The 2D-GIWAXS patterns and corresponding 1D line-cuts along the in-plane and out-of-plane directions of PM6:Y6, PM6:AC174:Y6 and AC174:Y6 blend films are shown in Fig. 5a–c and g. For the AC174:Y6 blend film, π–π peaks located at qz = 1.49 Å−1 and qz = 1.75 Å−1 are attributed to the scattering from face-on oriented AC174 and Y6 crystalline domains, respectively, without forming a co-crystal structure, which indicates poor miscibility between the two materials. For PM6:Y6 and PM6:AC174:Y6 blend films, π–π peaks are located at qz = 1.75 Å−1 (d = 3.60 Å) and qz = 1.74 Å−1 (d = 3.61 Å), respectively, and the corresponding CL values slightly increase from 2.86 nm to 2.87 nm. Both blend films exhibit evident Y6 ordering in the out-of-plane direction, leading to good charge transport.
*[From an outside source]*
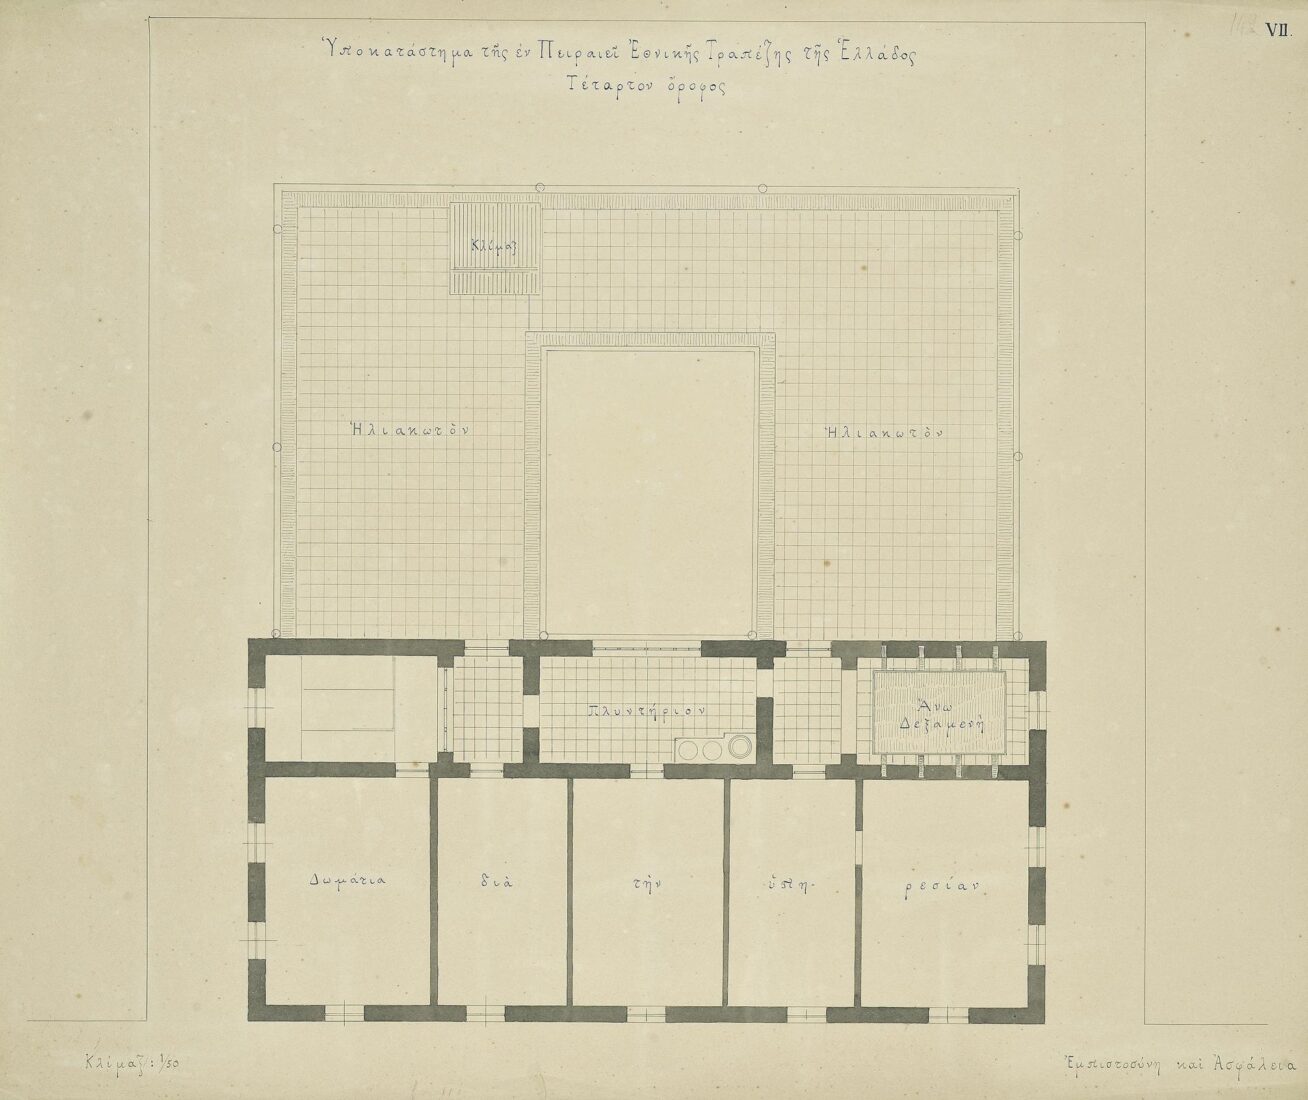 Branch of the National Bank of Greece, Piraeus, Iroon Polytehniou Street [former Athinas Street], 1911-16
Plan of the 4th Floor (Not Implemented) - Ziller Ernst

image file: d2ta07113d-f5.tif
Fig. 5 (a–c) 2D GIWAXS patterns and (d–f) 2D GISAXS patterns of PM6:Y6, PM6:AC174:Y6, and AC174:Y6 thin films, respectively. (g) Corresponding GIWAXS profiles in the out-of-plane (solid lines) and in-plane (dashed lines) directions. (h) Corresponding GISAXS fitted scattering intensity along the in-plane direction.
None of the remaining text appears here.